1.  The IRS is cautioning taxpayers to use two-factor authentication on tax preparation software. Those romantic softies issued the warning on Valentine’s Day. The agency said that “nearly two dozen tax practitioner firms” have reported data thefts this year. The agency has also backed away from a stance of considering video game virtual currency taxable, according to CNN reporting.

2. Tens of millions of Chinese students are unable to attend public schools because of COVID-19 virus closures. Officials have switched to online teaching to avoid further scheduling disruptions. As with their approach to fast hospital construction, the government has enlisted telecom firms to create enough bandwidth for 50 million simultaneous connections.

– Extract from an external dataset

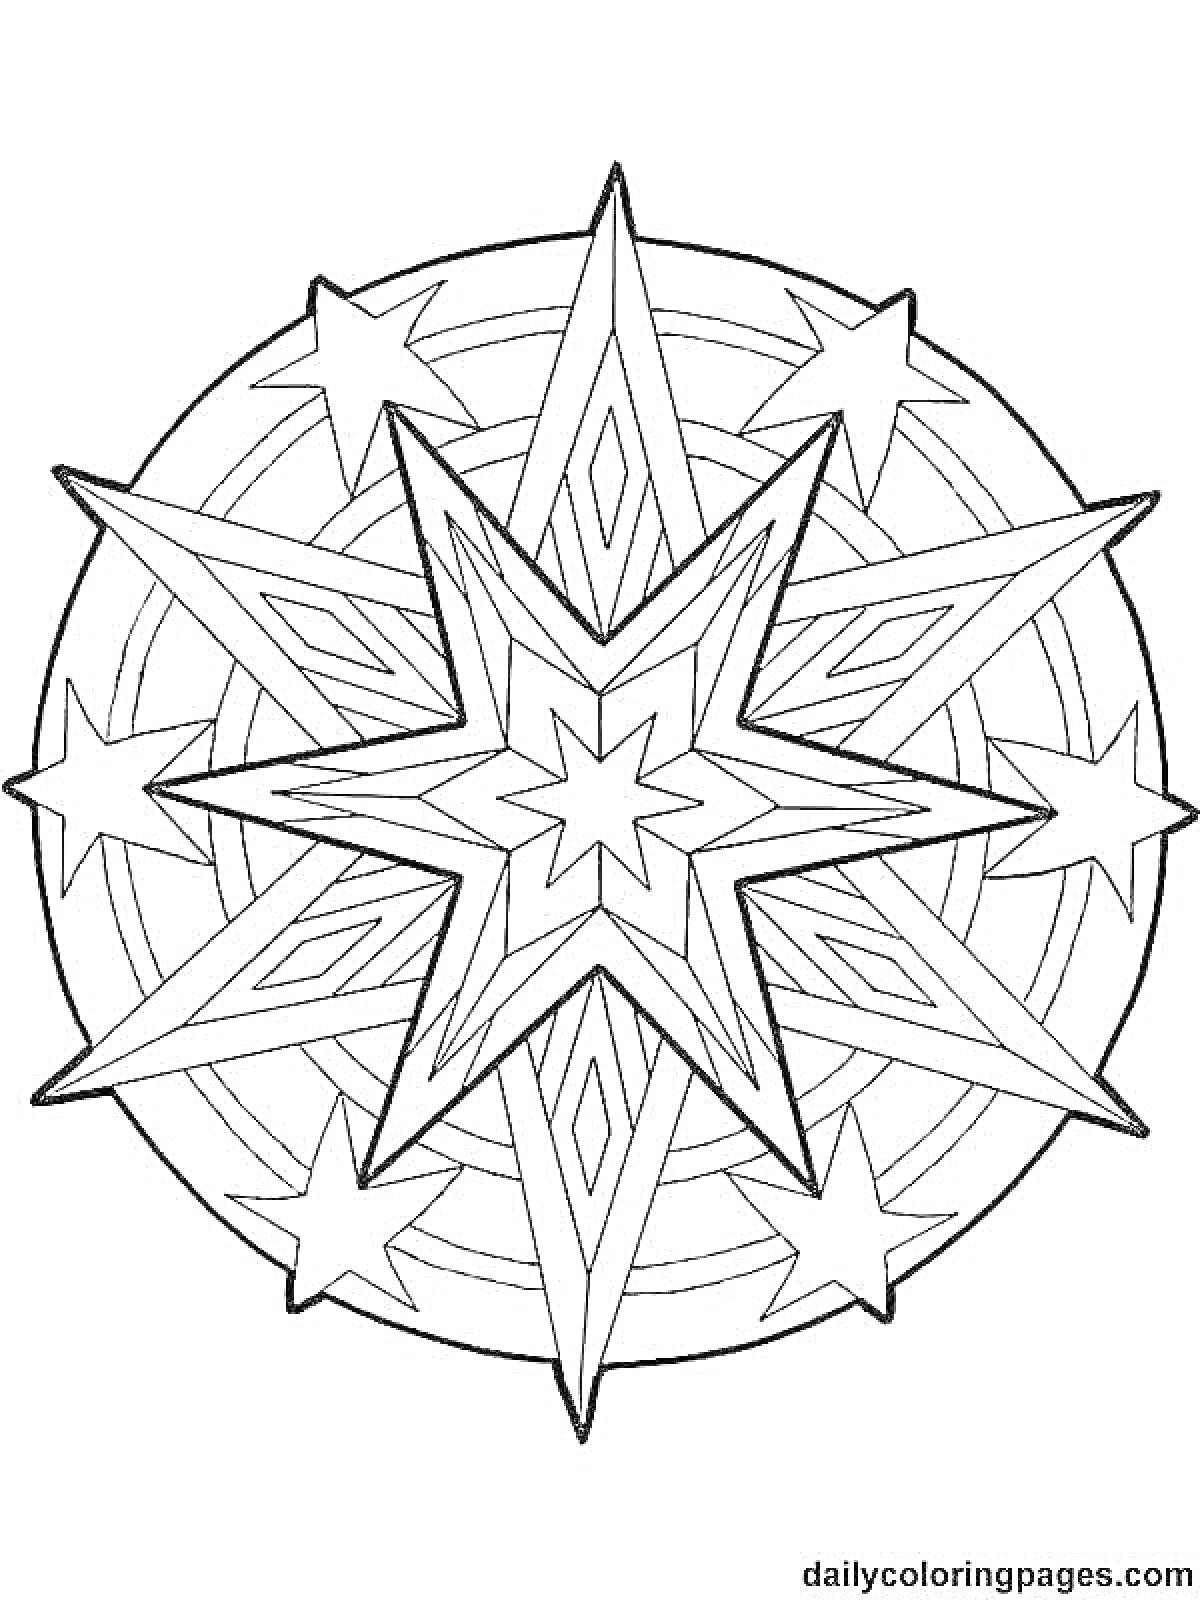 Вифлеемская звезда с центральной восьмиконечной звездой и окружностью с маленькими звездами

News also broke late Sunday that South Korea has postponed the start of its school year by one week. MIT Technology Review has more.

3.  School students in New Mexico, meanwhile, may have a new provider if a lawsuit filed by the state against Google succeeds. The state alleges that Google’s free email and office suite products and discounted computers are used in the school system, allowing Google to unlawfully collect data from children under the age of 13. Get the details at Consumer Reports.

2. YouTube News

Alphabet revealed this month that its YouTube unit generated $15.1 billion in 2019 revenue, up 36% in one year and nearly double its 2017 performance. That makes YouTube’s revenue about 75% of the size of Netflix, a company with a $166 billion market cap. 

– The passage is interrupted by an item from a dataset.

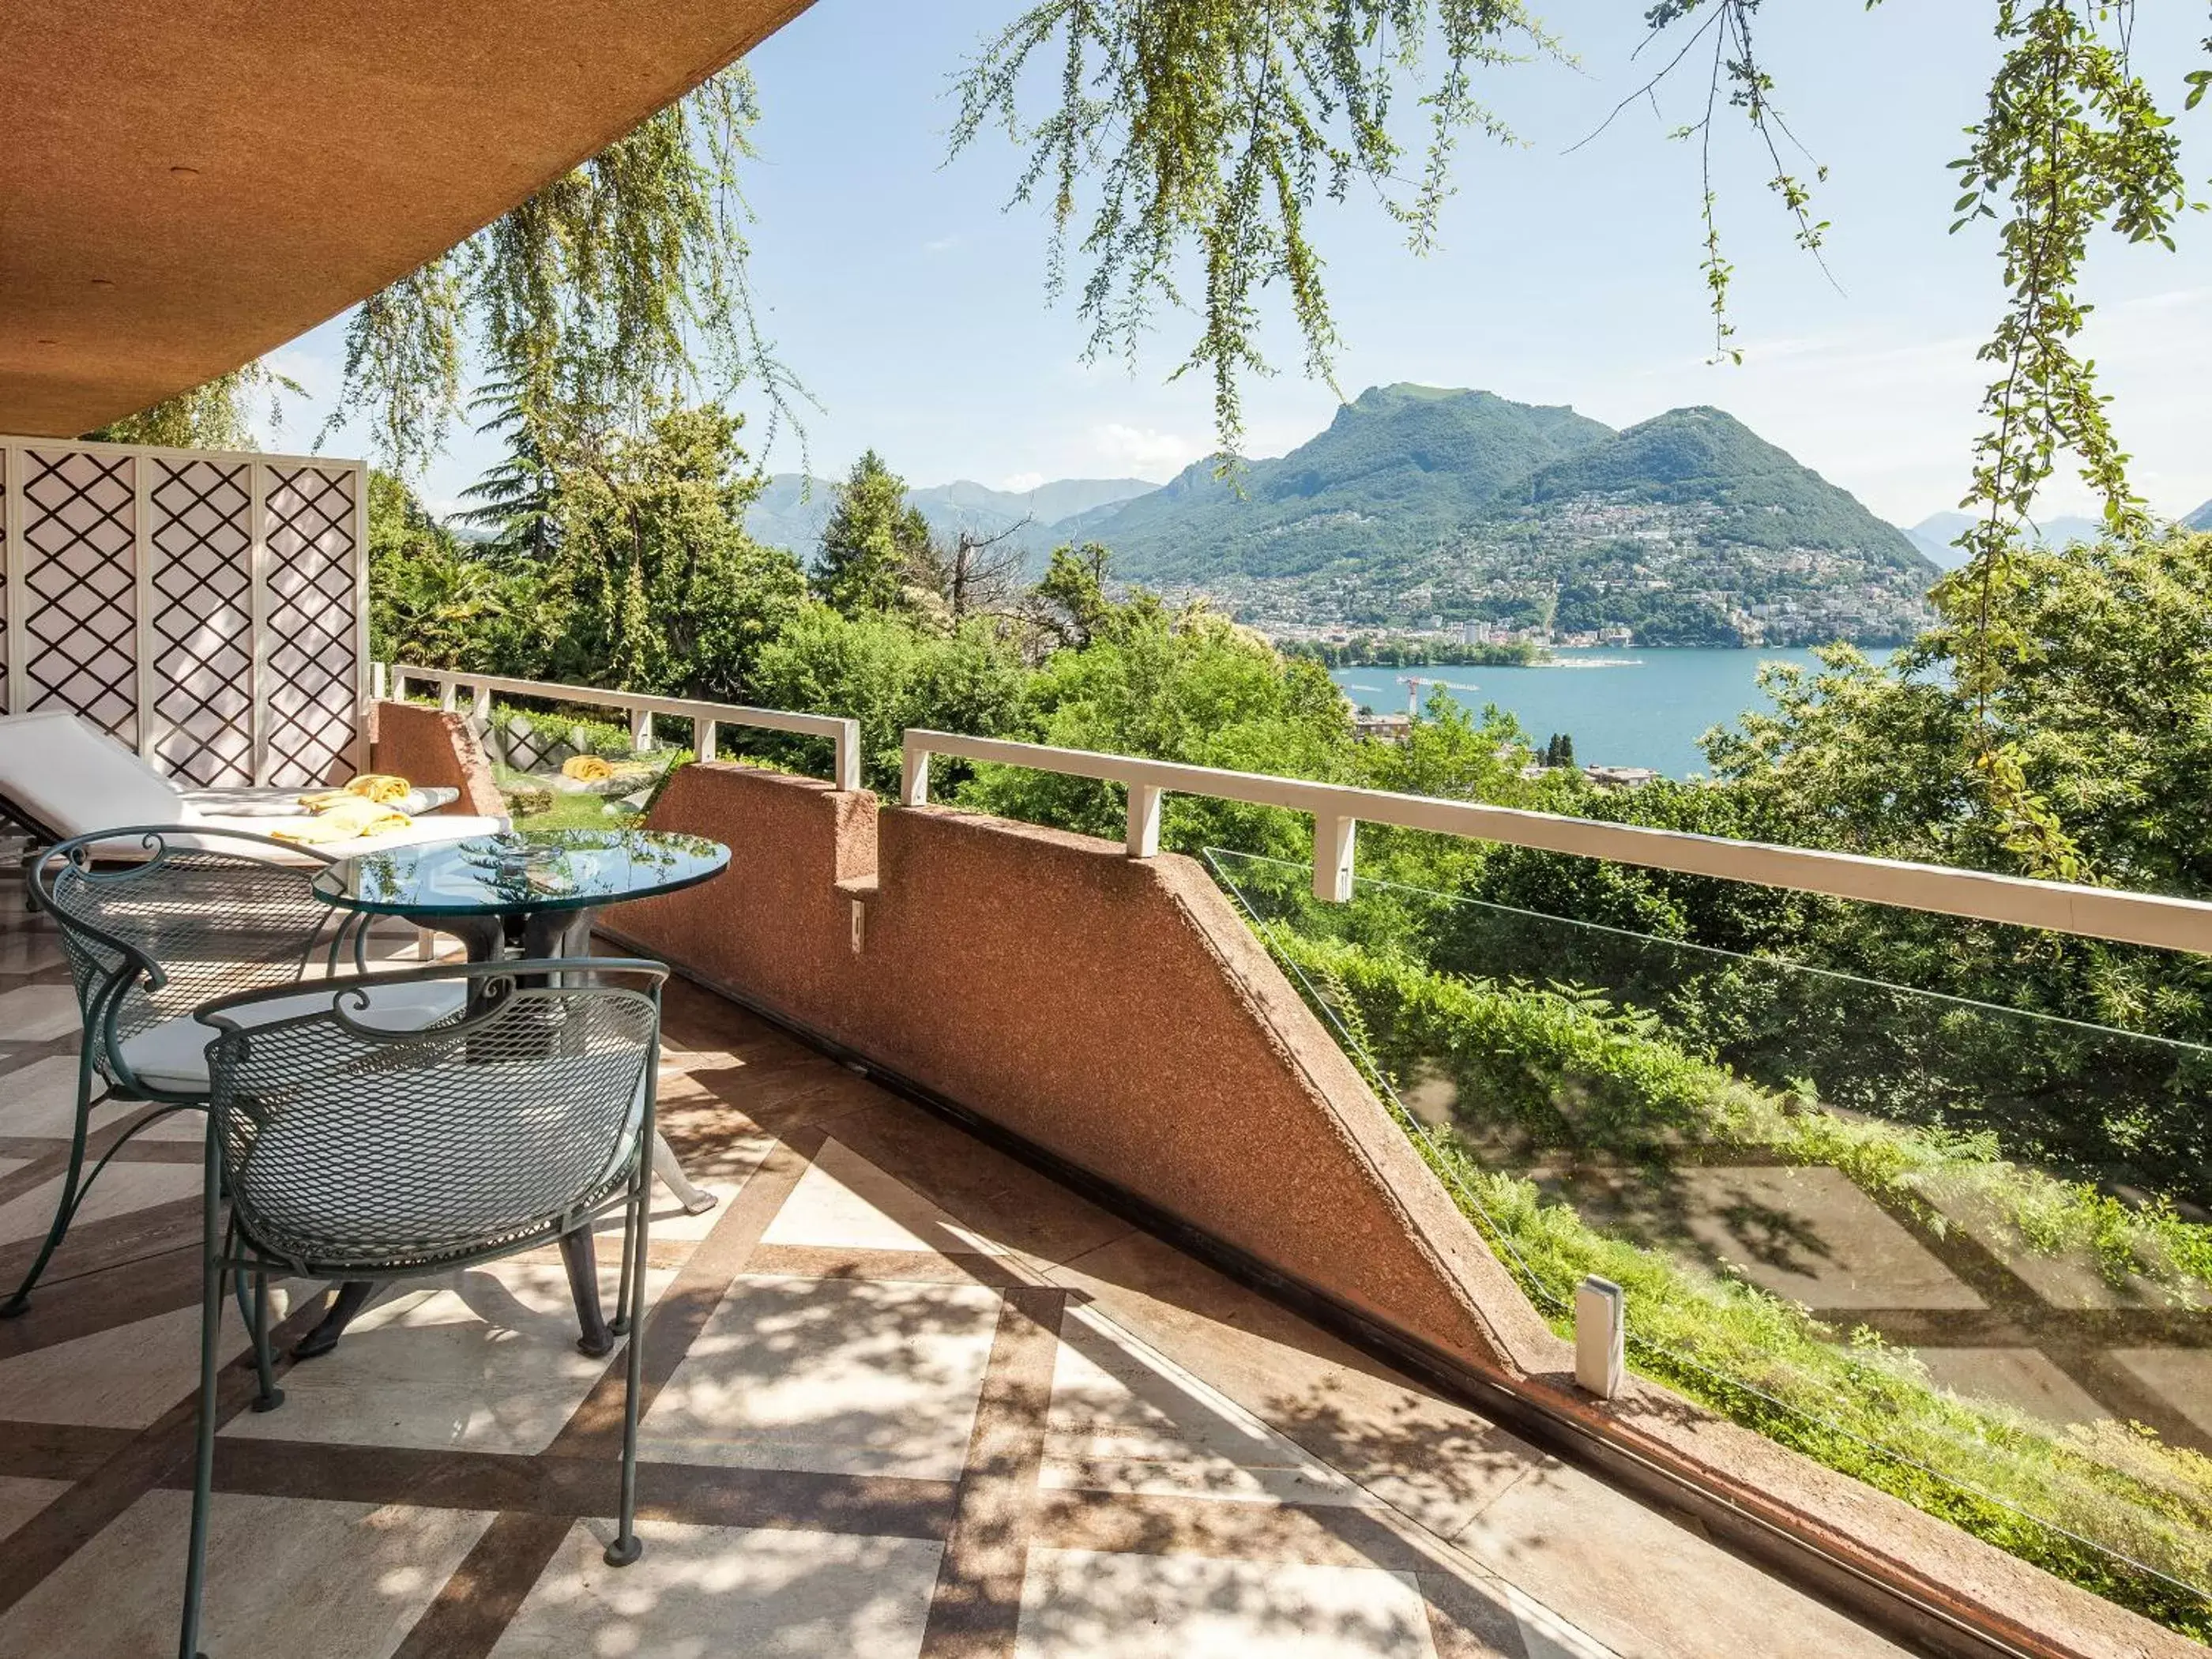 Lake view in Villa Principe Leopoldo - Ticino Hotels Group

YouTube’s 20 million paid subscribers still trails other music services like Spotify (124 million), Apple (60 million), and Amazon Music (55 million), but it’s non-subscribing 1 billion users generate revenues that dwarf the others. As a result, Alphabet reports that it paid music rights holders $3 billion last year, which some industry analysts believe still lags Spotify and the others.

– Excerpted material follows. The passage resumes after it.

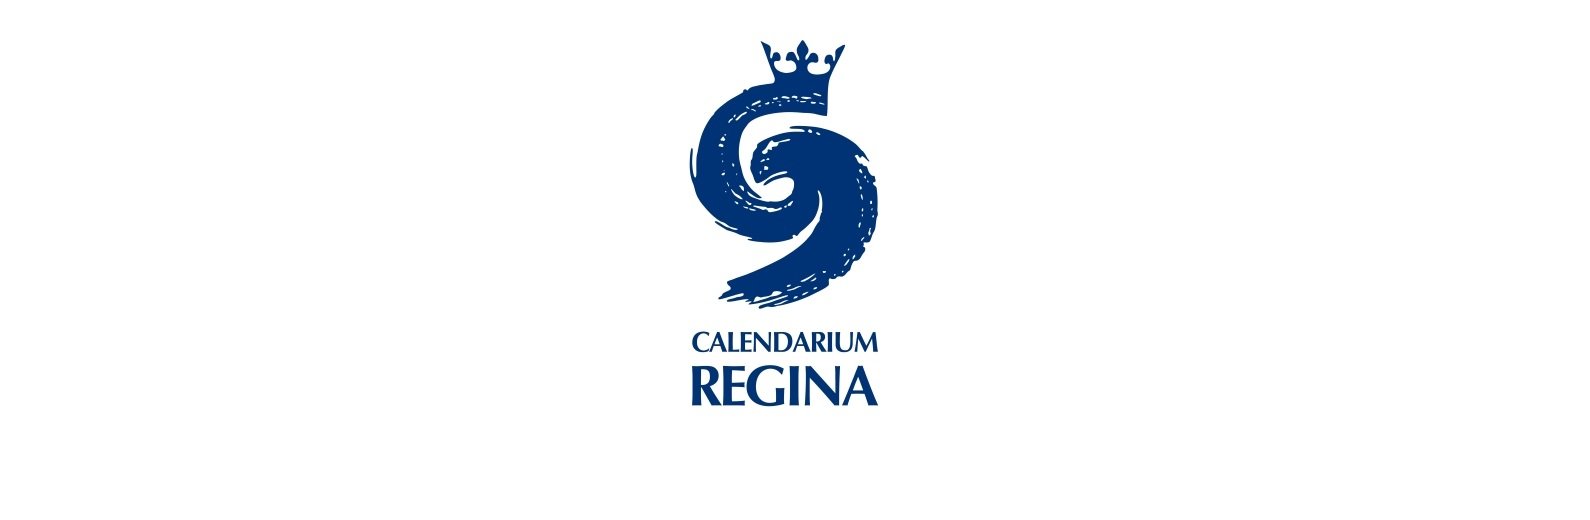 Město bude nadále podporovat smysluplné kulturní akce Celandarium Regina s péčí řádného hospodáře

With a big number painted on YouTube’s news, regulators are looking hard at content uploaded by consumers and non-big brand users. The BBC’s Chris Fox filed a fantastic story about “fake kitchen hacks” that generated billions of views but don’t work. His video follows this story.

Andy Parker is experiencing an unimaginable YouTube news trauma. His daughter Allison was a reporter killed with her cameraman during a live television segment more than four years ago. Parker filed a complaint with the Federal Trade Commission last week because YouTube continues to host videos that show her murder. Parker joins Sandy Hook parents and others in complaining about the site’s responsiveness and its requirements to remove content.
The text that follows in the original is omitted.